Task to carry out:
Retype only what runs from the beginning of the data through the line with "E.g.: 0.7 NP"; please omit the pictures and keep every line exact.

The data:
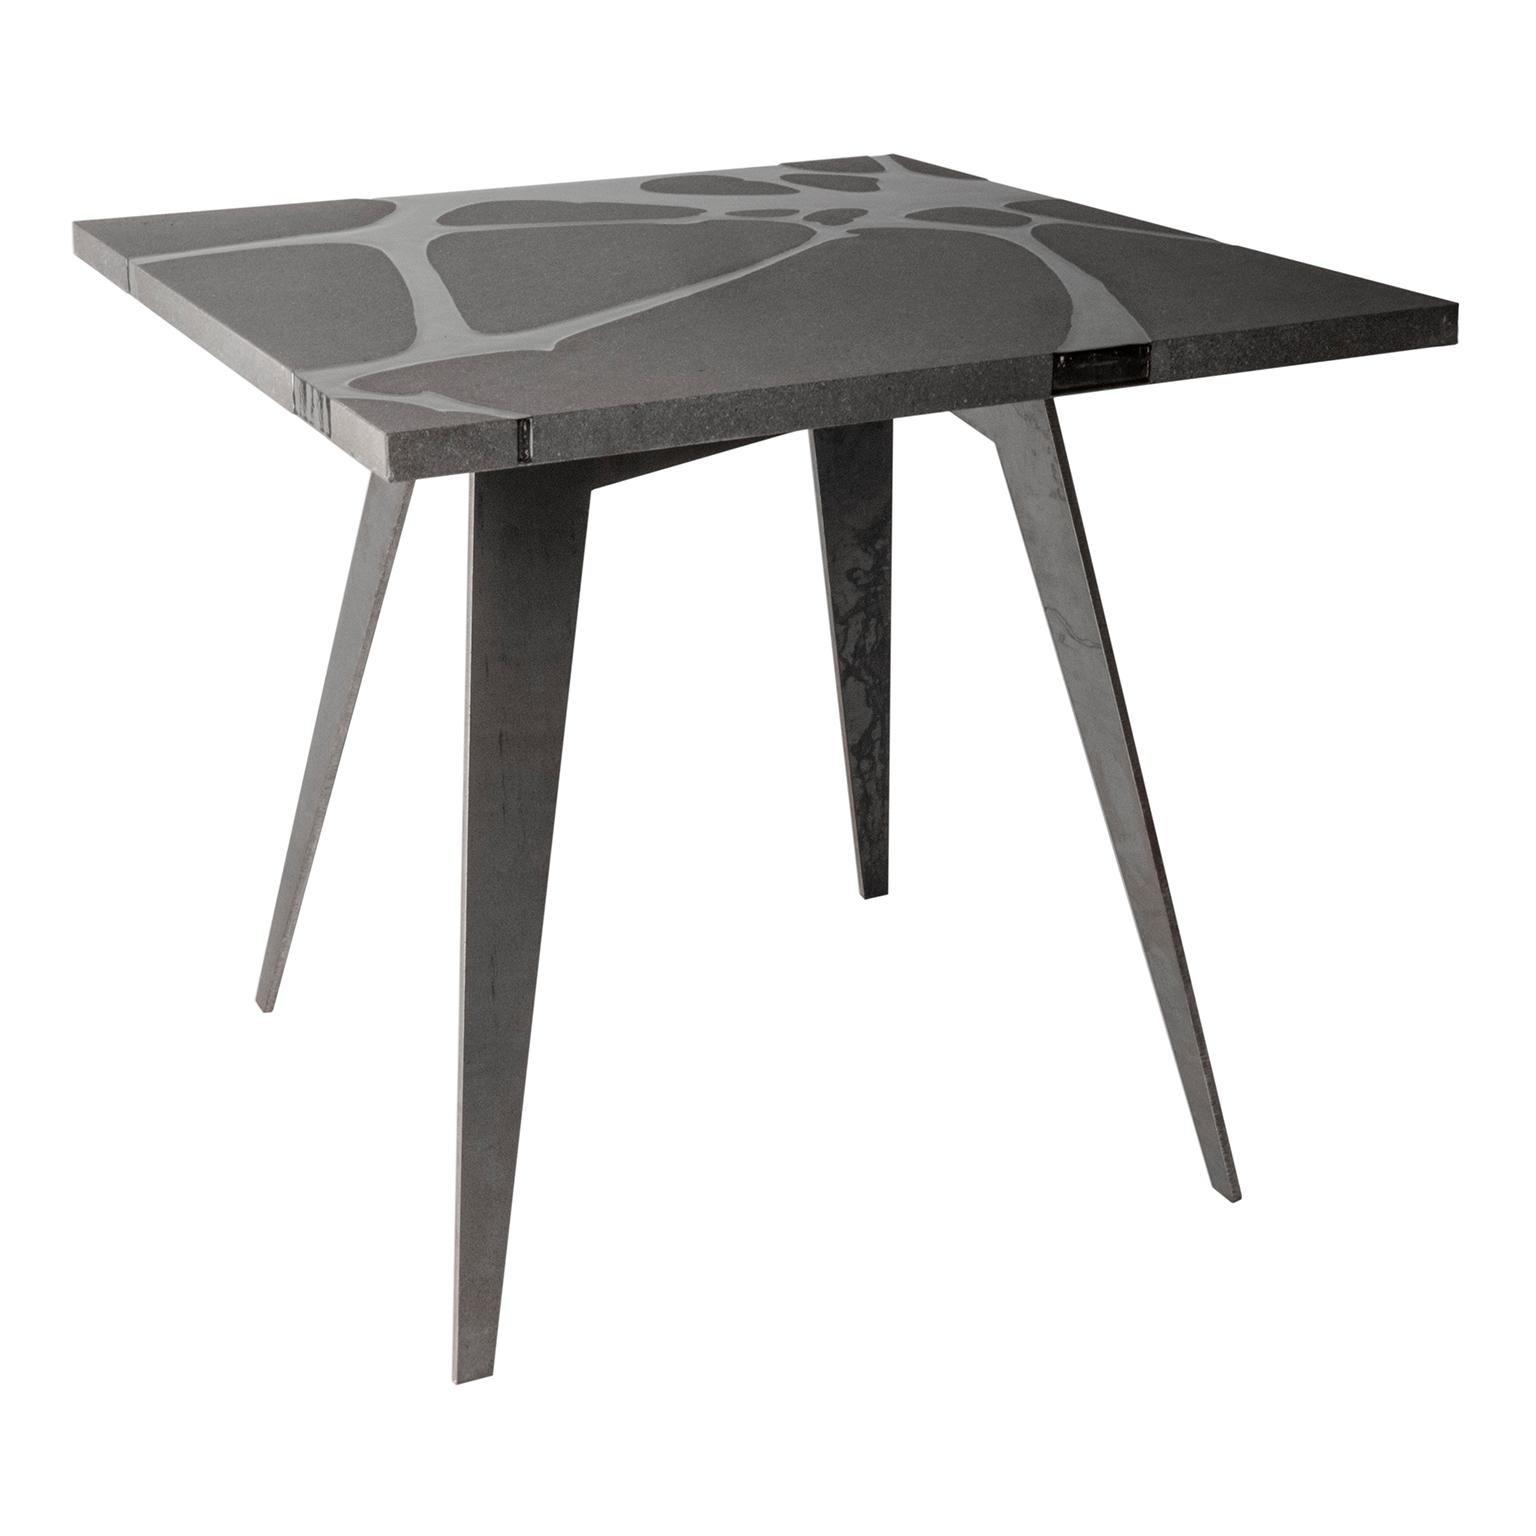 Modern Outdoor Table in Lava Stone and Steel, Venturae v2, Filodifumo For Sale
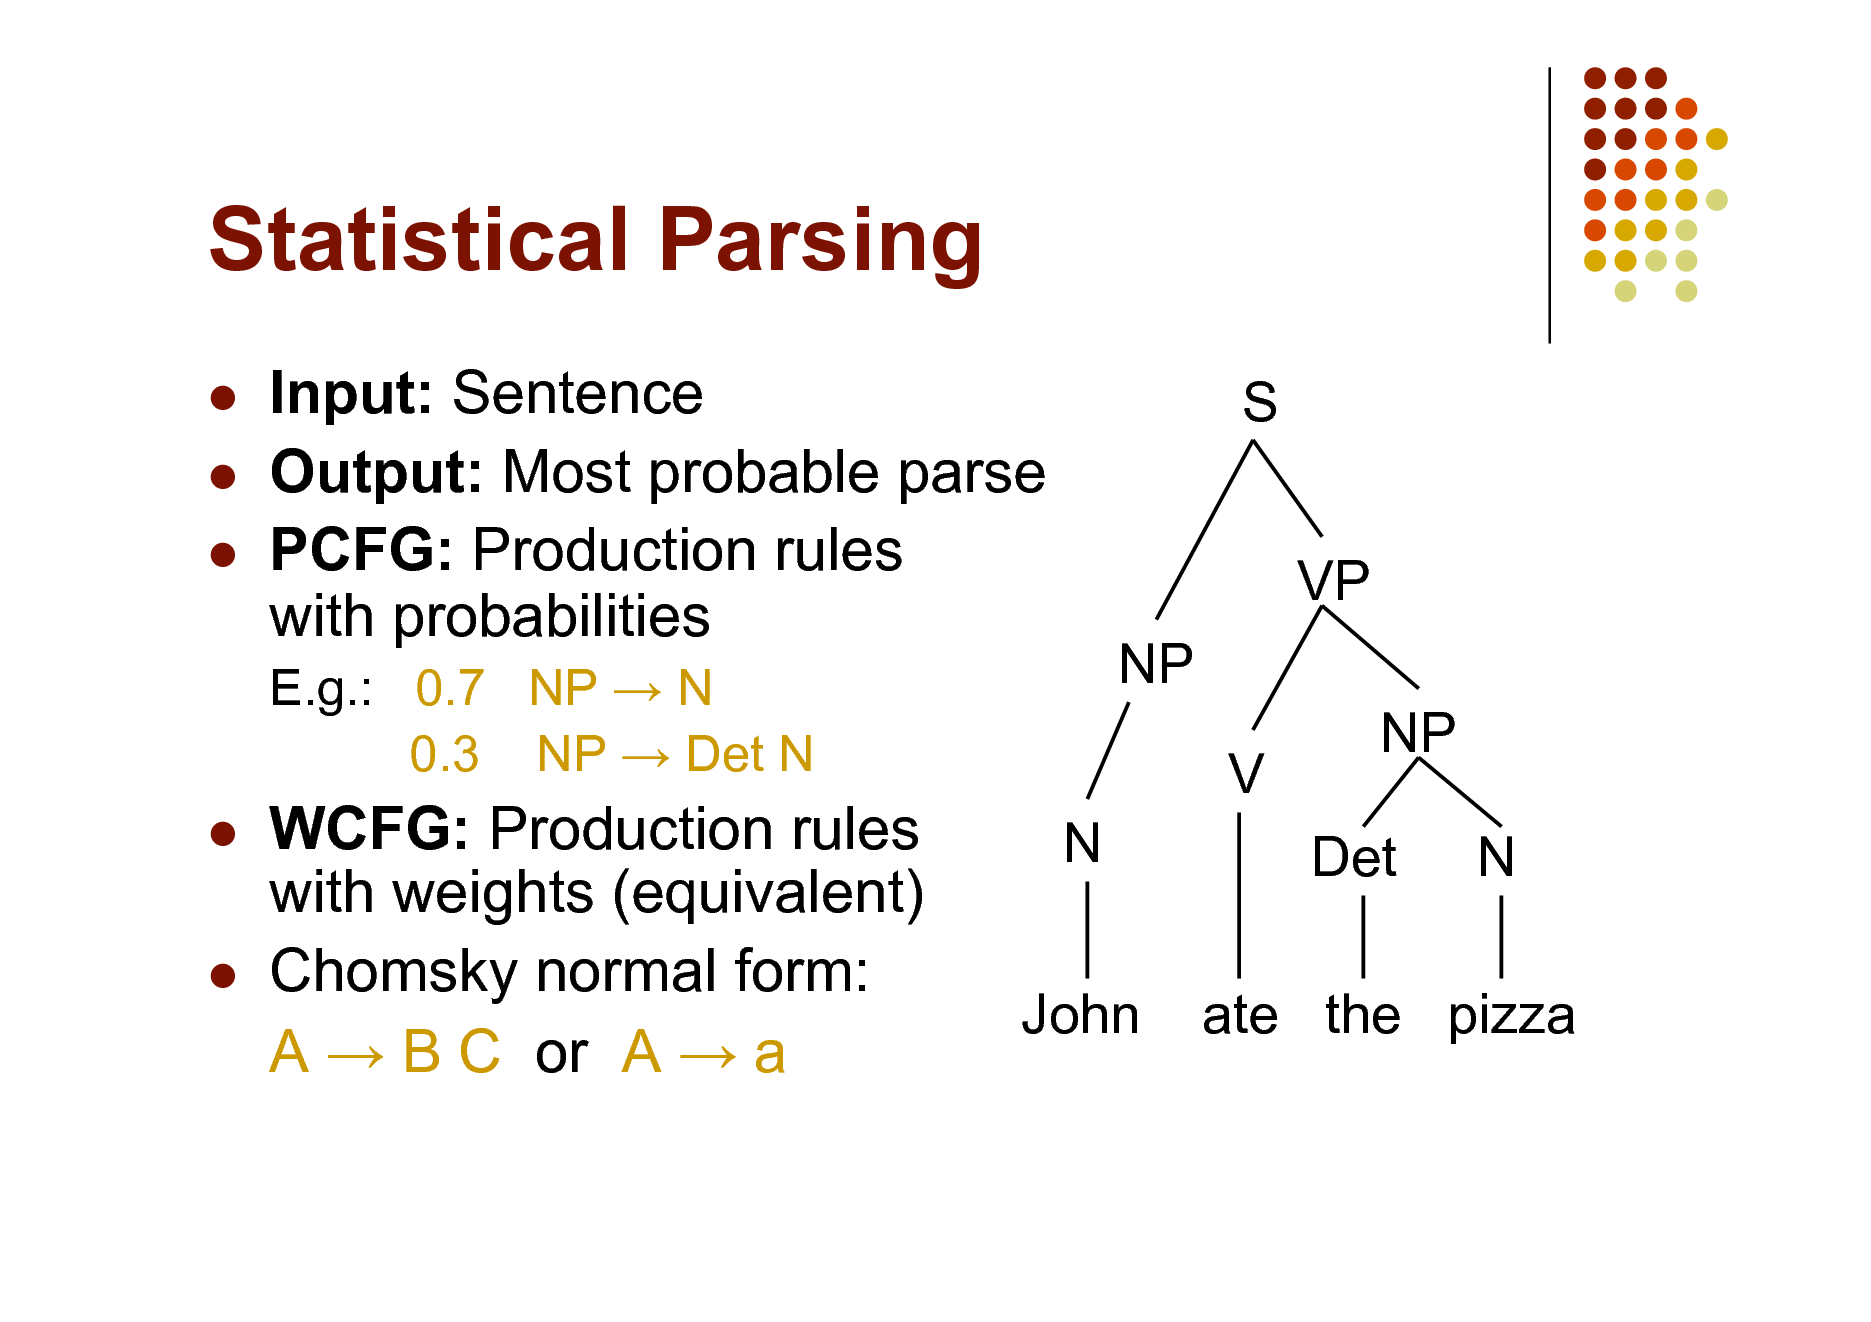 Slide: Statistical Parsing
  

Input: Sentence Output: Most probable parse PCFG: Production rules with probabilities
E.g.: 0.7 NP  N 0.3 NP  Det N

S VP NP V N NP Det N

 

WCFG: Production rules with weights (equivalent) Chomsky normal form: A  B C or A  a

John

ate the pizza

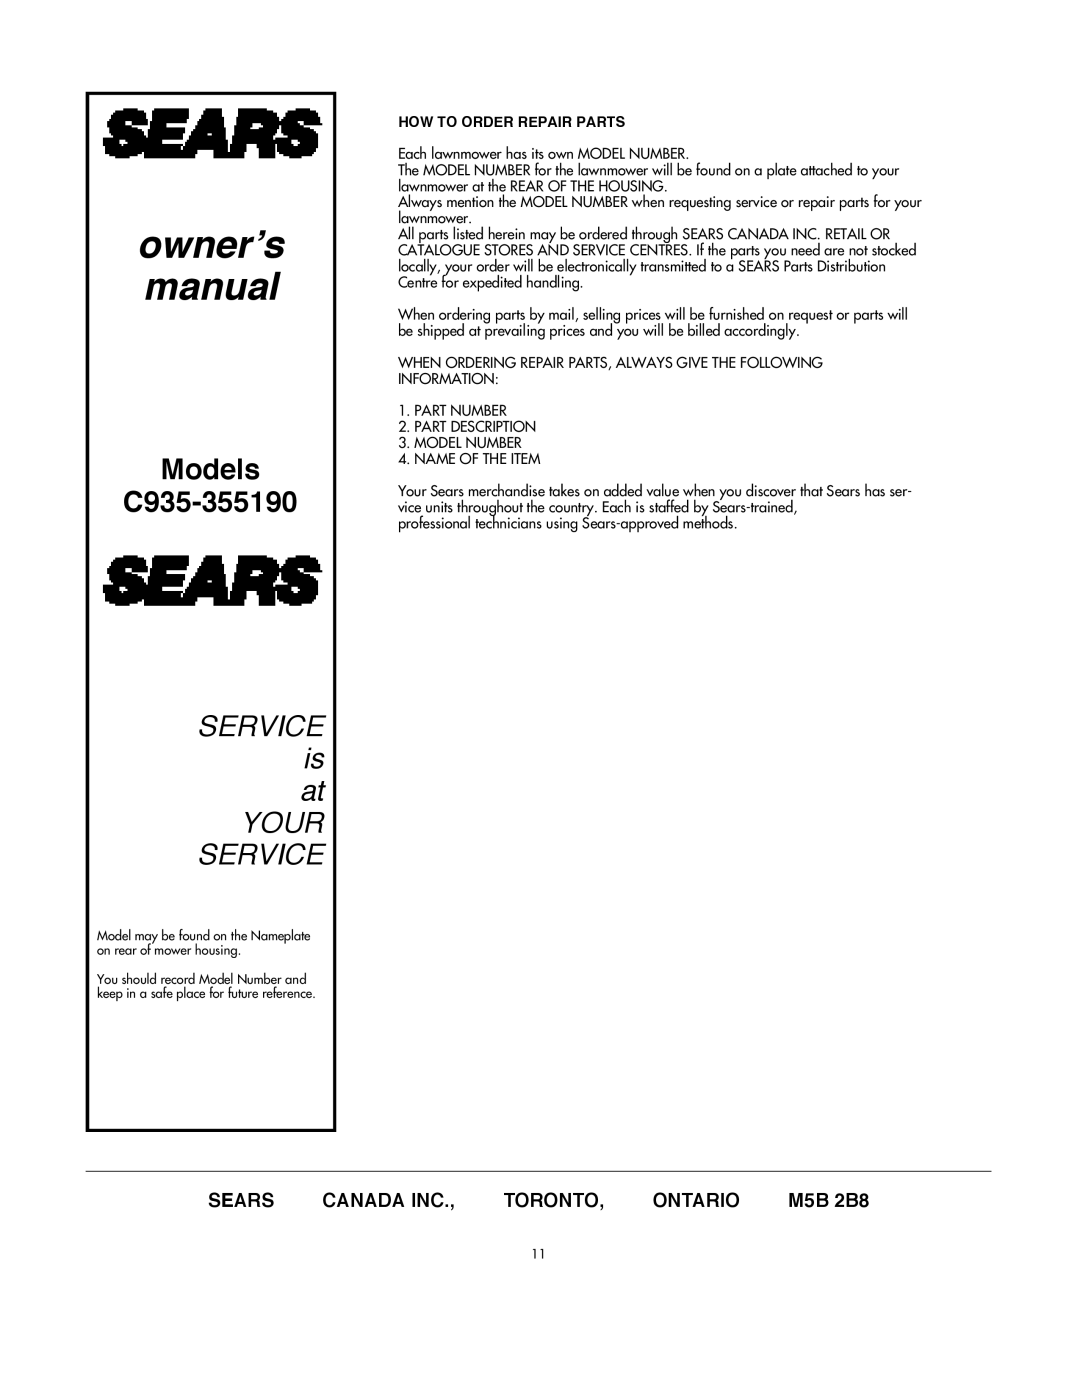 DeWalt Models C935-355190, Sears, Canada Inc, Toronto, Ontario, How To Order Repair Parts, SERVICE is at YOUR SERVICE

Solution below:
 Modern Outdoor Table in Lava Stone and Steel, Venturae v2, Filodifumo For Sale
 Slide: Statistical Parsing
  

Input: Sentence Output: Most probable parse PCFG: Production rules with probabilities
E.g.: 0.7 NP  N 0.3 NP  Det N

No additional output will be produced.